◆ **Required action**
In the records below, some lines contain the word "thumbnail". Copy each of them.

*** Records supplied ***

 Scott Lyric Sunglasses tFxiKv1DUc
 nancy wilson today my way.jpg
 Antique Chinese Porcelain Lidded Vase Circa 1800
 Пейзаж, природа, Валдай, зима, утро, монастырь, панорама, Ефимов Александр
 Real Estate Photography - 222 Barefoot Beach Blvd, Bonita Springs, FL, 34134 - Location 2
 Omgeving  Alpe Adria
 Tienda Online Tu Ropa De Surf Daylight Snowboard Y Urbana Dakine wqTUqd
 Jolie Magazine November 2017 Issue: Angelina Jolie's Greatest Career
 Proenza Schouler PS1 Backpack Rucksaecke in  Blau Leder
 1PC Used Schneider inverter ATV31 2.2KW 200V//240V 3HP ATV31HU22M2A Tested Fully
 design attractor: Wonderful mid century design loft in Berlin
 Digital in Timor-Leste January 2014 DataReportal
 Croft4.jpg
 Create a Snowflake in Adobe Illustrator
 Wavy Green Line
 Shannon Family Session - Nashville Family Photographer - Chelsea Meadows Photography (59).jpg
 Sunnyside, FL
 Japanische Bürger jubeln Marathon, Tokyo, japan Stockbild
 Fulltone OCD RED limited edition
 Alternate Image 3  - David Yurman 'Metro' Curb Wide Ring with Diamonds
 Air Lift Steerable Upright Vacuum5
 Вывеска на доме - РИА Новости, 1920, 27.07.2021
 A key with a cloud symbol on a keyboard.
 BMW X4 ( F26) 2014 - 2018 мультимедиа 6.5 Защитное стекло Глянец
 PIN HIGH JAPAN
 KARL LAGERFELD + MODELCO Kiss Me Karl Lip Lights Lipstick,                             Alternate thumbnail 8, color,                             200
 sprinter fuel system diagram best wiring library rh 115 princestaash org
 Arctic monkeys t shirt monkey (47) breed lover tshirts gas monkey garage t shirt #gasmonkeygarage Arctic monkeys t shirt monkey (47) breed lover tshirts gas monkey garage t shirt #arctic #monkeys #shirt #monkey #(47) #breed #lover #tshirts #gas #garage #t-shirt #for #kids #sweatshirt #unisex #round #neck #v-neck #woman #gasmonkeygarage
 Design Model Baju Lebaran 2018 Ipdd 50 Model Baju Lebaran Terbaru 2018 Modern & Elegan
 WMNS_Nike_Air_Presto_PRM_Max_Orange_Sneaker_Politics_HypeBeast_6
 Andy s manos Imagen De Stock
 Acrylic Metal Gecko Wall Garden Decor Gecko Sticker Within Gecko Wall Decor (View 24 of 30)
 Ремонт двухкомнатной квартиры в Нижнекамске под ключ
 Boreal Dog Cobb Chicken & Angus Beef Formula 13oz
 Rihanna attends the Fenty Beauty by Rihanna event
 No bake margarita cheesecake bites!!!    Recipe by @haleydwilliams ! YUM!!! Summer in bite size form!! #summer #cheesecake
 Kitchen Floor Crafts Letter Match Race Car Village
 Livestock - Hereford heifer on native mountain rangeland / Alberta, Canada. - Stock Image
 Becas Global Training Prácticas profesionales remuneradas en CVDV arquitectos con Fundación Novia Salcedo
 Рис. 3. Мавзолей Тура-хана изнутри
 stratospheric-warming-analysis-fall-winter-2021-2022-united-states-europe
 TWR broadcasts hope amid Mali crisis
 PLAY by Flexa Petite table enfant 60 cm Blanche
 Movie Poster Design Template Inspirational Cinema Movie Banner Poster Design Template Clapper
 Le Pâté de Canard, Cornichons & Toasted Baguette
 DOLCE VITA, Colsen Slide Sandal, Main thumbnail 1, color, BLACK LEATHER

*** End of Records supplied ***

◆ **Completed task**
 KARL LAGERFELD + MODELCO Kiss Me Karl Lip Lights Lipstick,                             Alternate thumbnail 8, color,                             200
 DOLCE VITA, Colsen Slide Sandal, Main thumbnail 1, color, BLACK LEATHER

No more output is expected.